I am a patient at a fertility clinic and I was in clinic yesterday gettin a scan (I’m still on ovulation induction for pcos) it’s a nurse that been doing my scans a lot. Not sure why. Anyway she said my ovaries were really close together. I asked why she said oh they do move it can be normal. Until I came home and googled and it and it says this can be kissing ovaries - a severe form on endometriosis. Has anyone else had this? I can’t find anything online that says they can move and be normal! I do suspect I have endo but they don't seem to be resting or anything. I have a 4cm cyst also. Ttc for 2 years x

My sister is 47. 4 years ago (after years of being told her pain was her IBS) she asked for a scan. The scan showed a mass on her ovary. They called her back and said they were sorry but it looked like ovarian cancer and she was to have emergency surgery the next week. A four hour op later and she woke to be told the good news that it was not OC but endometriosis which has collected on her ovary. For 20+ years she was fobbed off by her gp and told time and time again it was IBS.
I am 49 and have had what feels like a life time of gynae and digestive issues. I have never considered endometriosis as I have never had much period pain but I have always had horrendous pain mid cycle/during ovulation to the point that it’s painful to sit, feels like my insides have swollen and are being pinched by some kind of internal metal squeezing contraption and lasts days. I used to bleed loads during ovulation too. Have always had ovarian cysts (once told one was a chocolate cyst which I’m now told is probably endo!). It also took me 4 years to conceive.

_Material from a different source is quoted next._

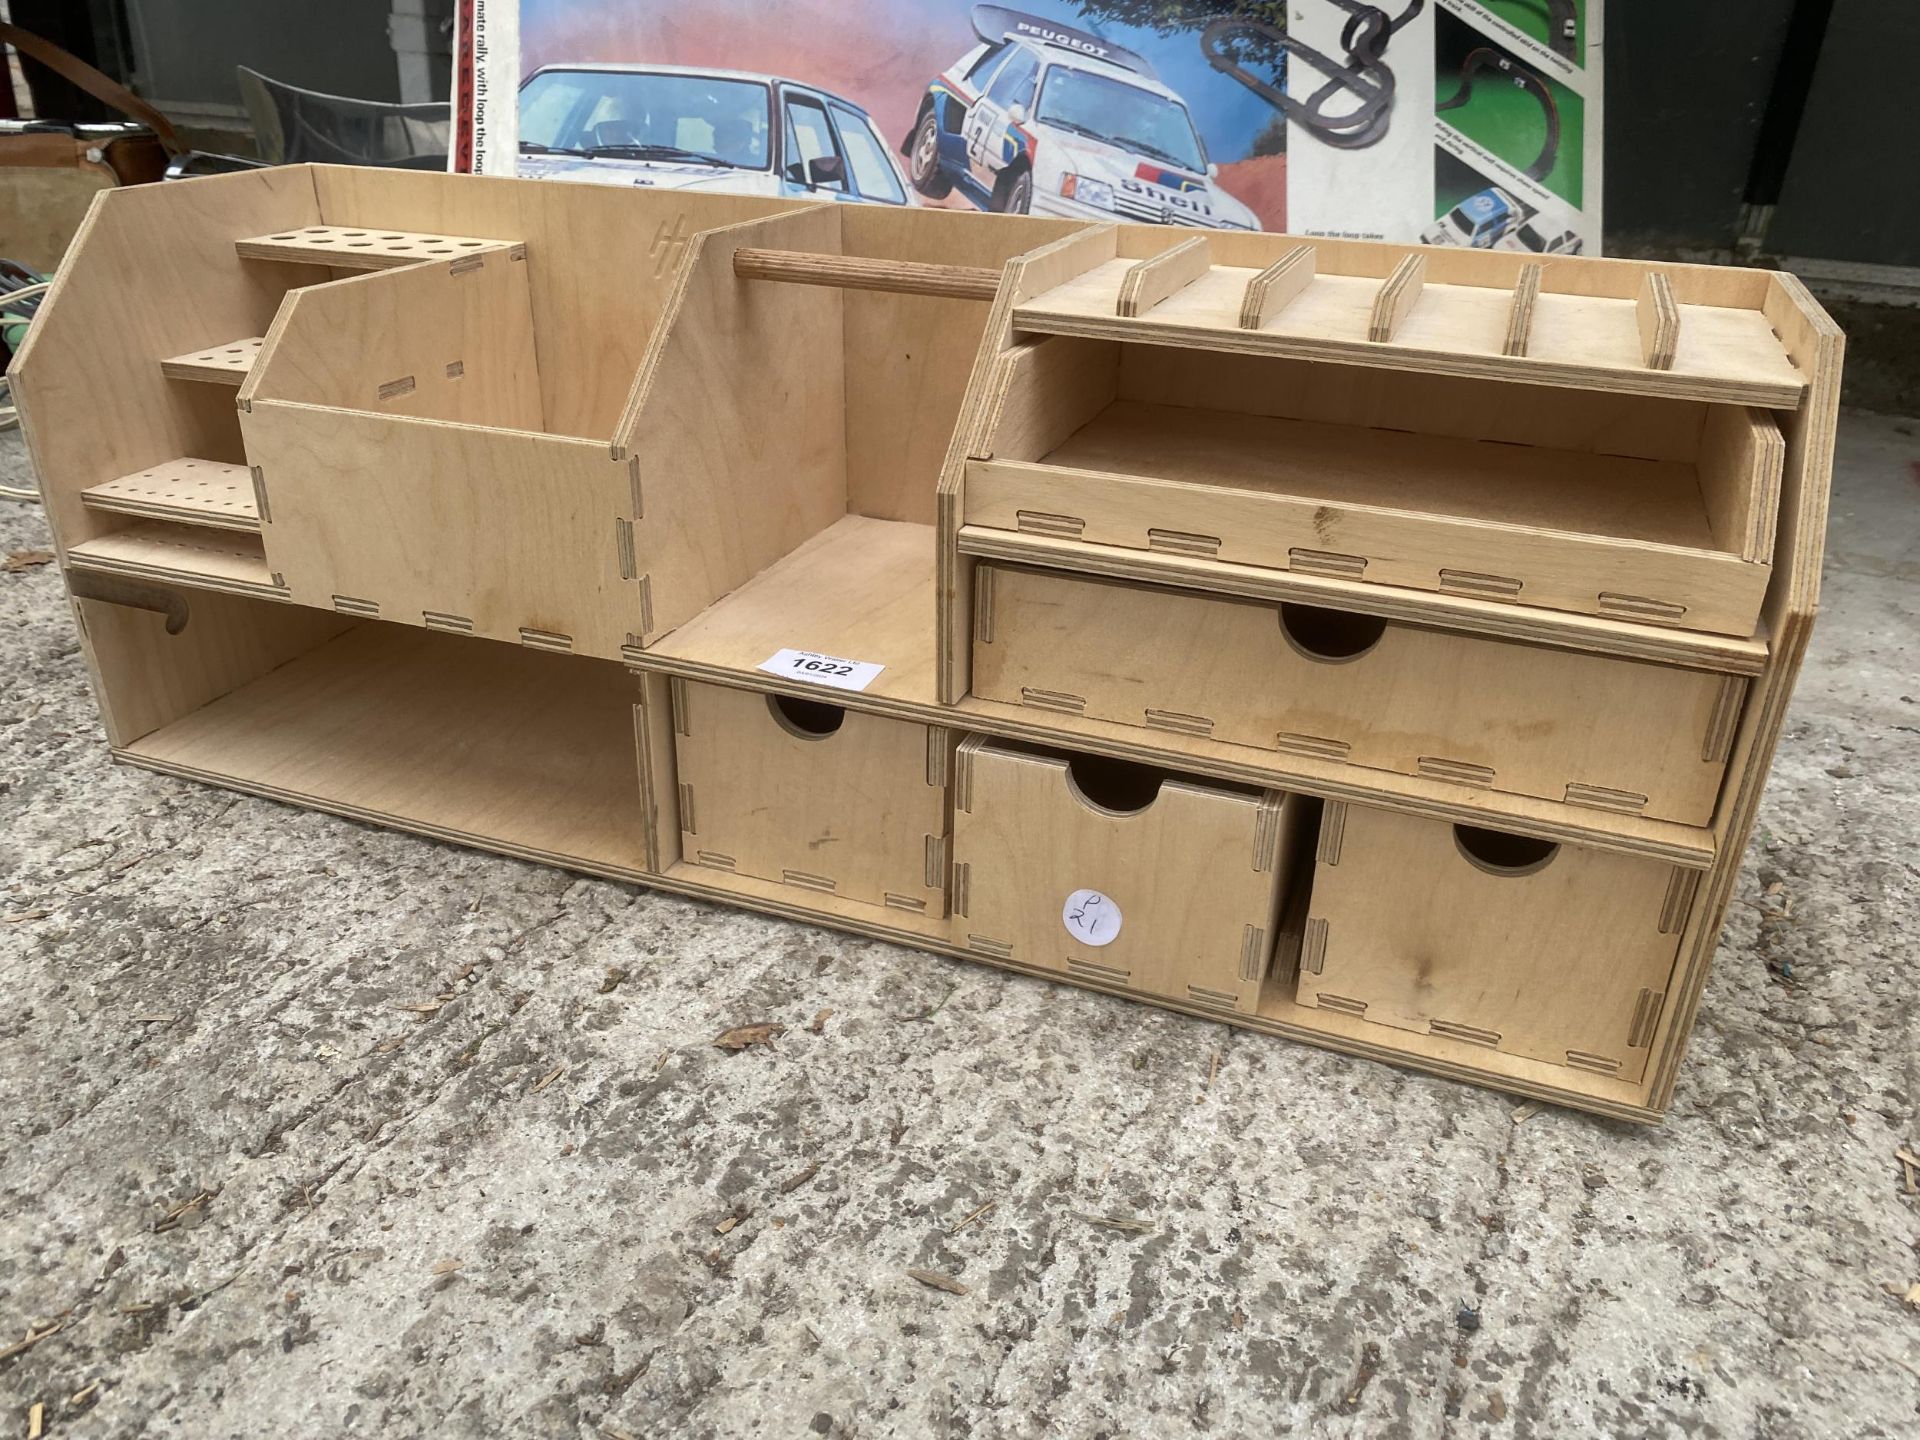 A WOODEN DESK TIDY STORAGE UNIT - Image 2 of 4

I am 49 now and starting to wonder if I have it?
I’ve been under the gynaecology depart on/off for years and not once has any gynaecologist suggested endo.
I have put up with years of heavy bleeding to the point of needing iron infusions. I had a uterine ablation 2 months ago which has completely failed as I’m bleeding more during my period.
All of this as well as awful IBS symptoms, maybe there is a connection?
What are your op?

I’m going for a laparoscopy soon to check for endo. Does anyone know if this would of shown up during my c section three years ago?